Activity: Output exactly the lines of the listing below that run from the line with "Boy's Future Zoologist T-shirt" through the line with "倒垃圾的时候看见流浪猫在翻垃圾桶,00心里一酸". No pictures.
(Provided information begins)
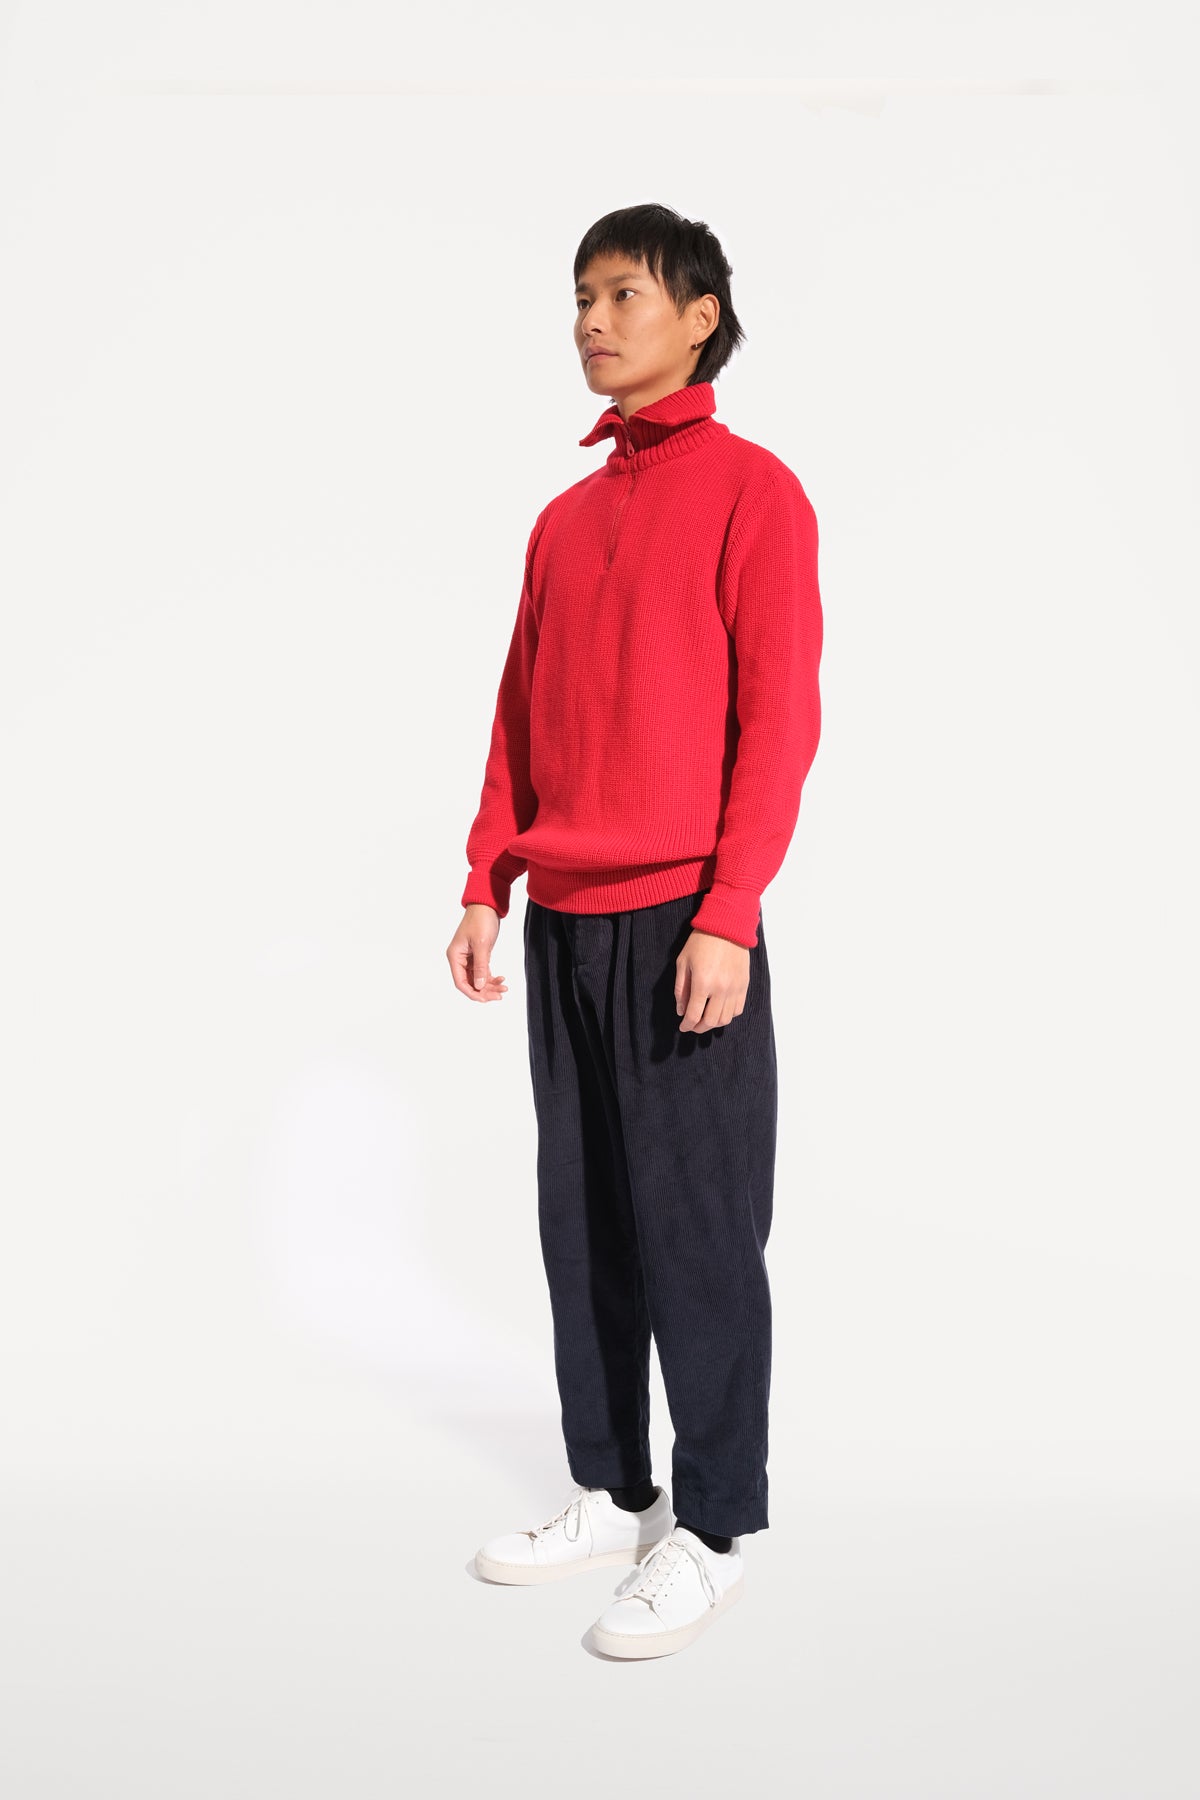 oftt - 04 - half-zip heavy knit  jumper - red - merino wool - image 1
(Provided information ends)
(Provided information begins)
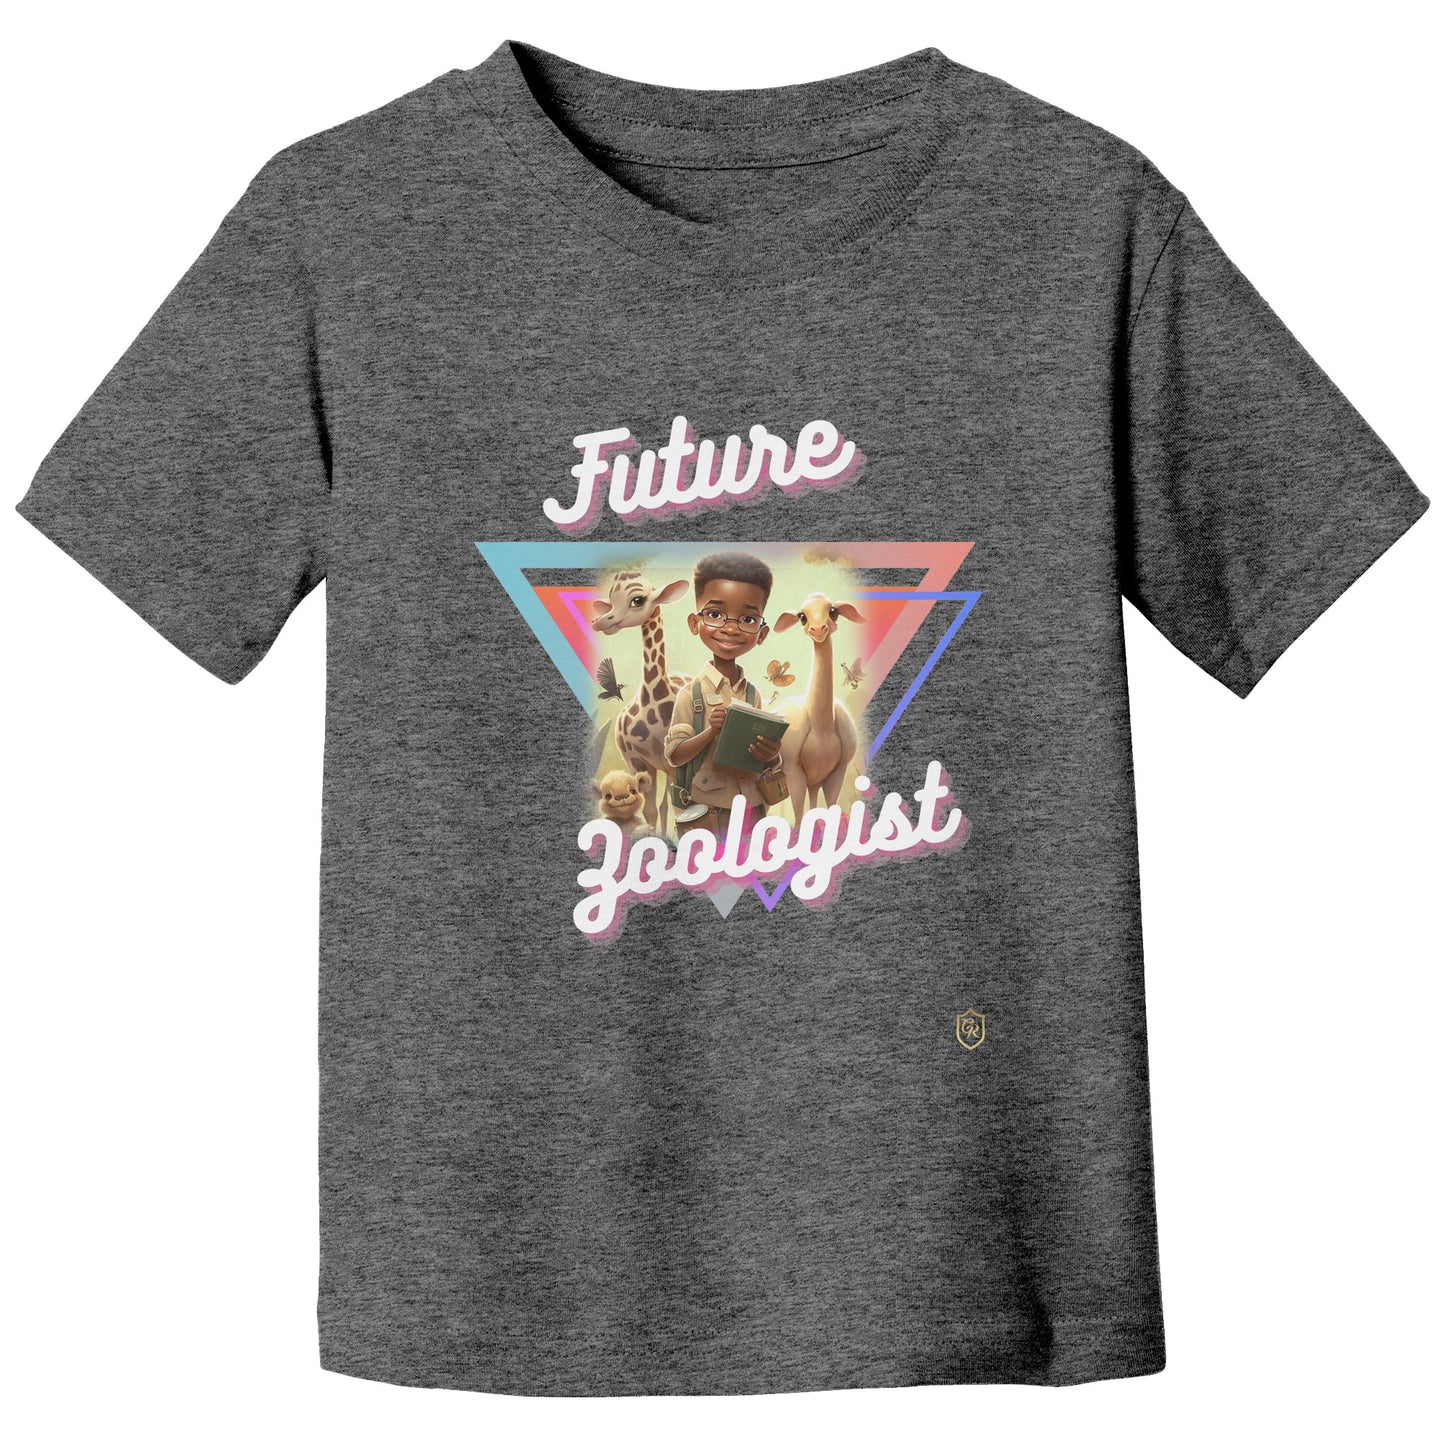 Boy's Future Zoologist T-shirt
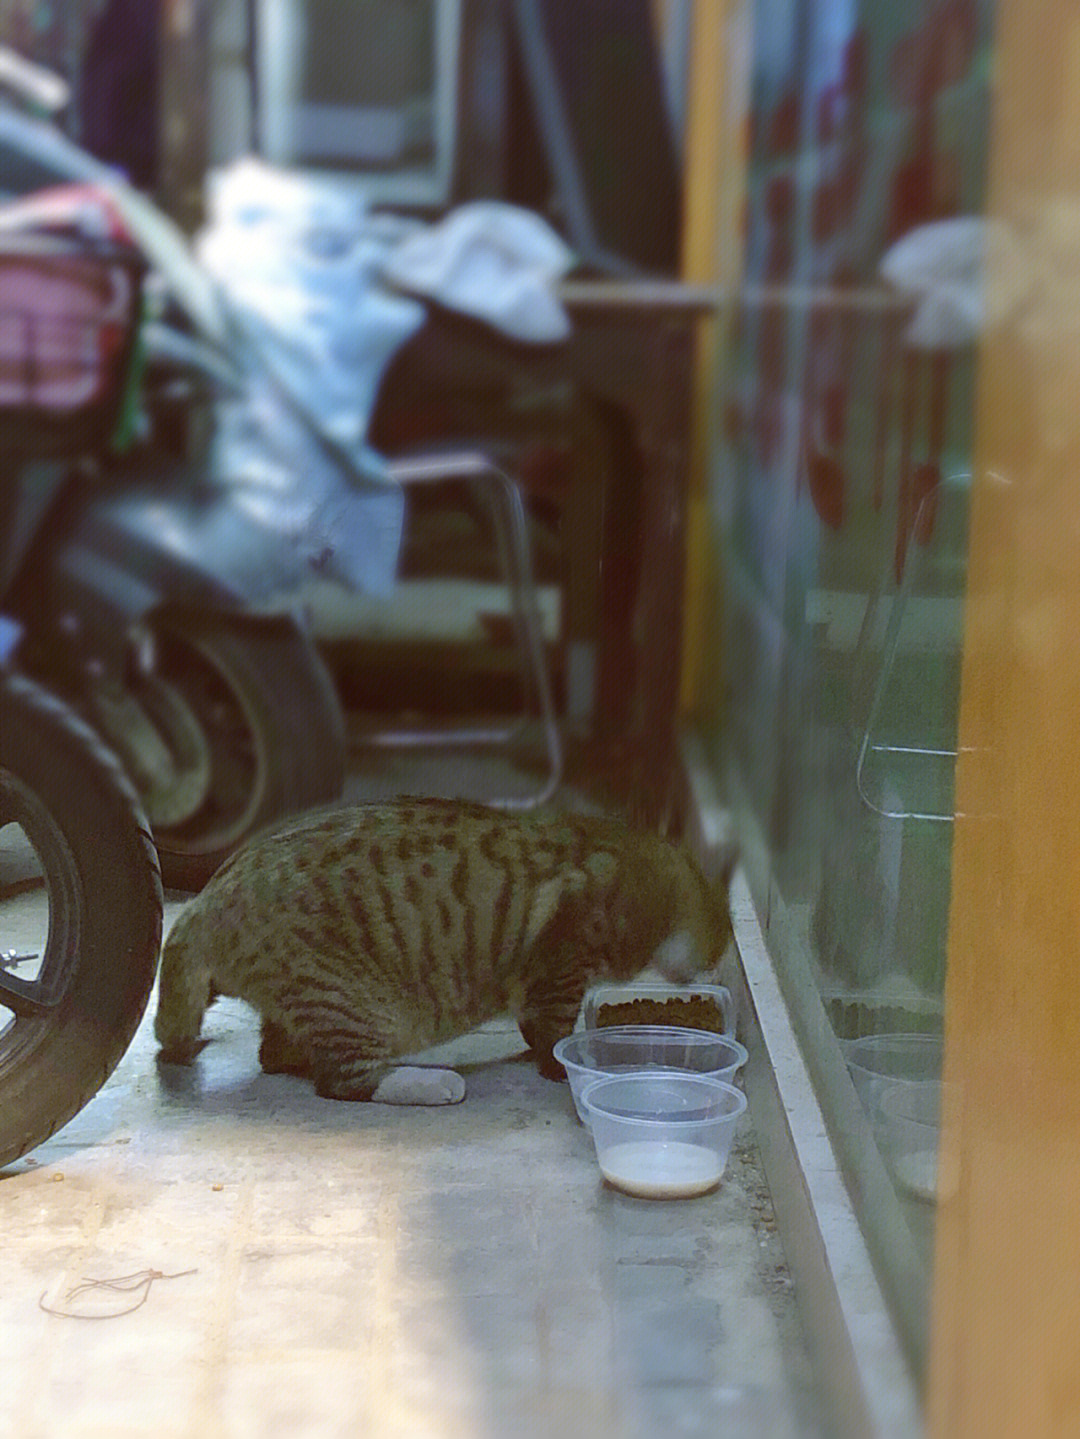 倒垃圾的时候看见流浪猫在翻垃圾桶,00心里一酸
(Provided information ends)
Solution for this problem:
 Boy's Future Zoologist T-shirt
 倒垃圾的时候看见流浪猫在翻垃圾桶,00心里一酸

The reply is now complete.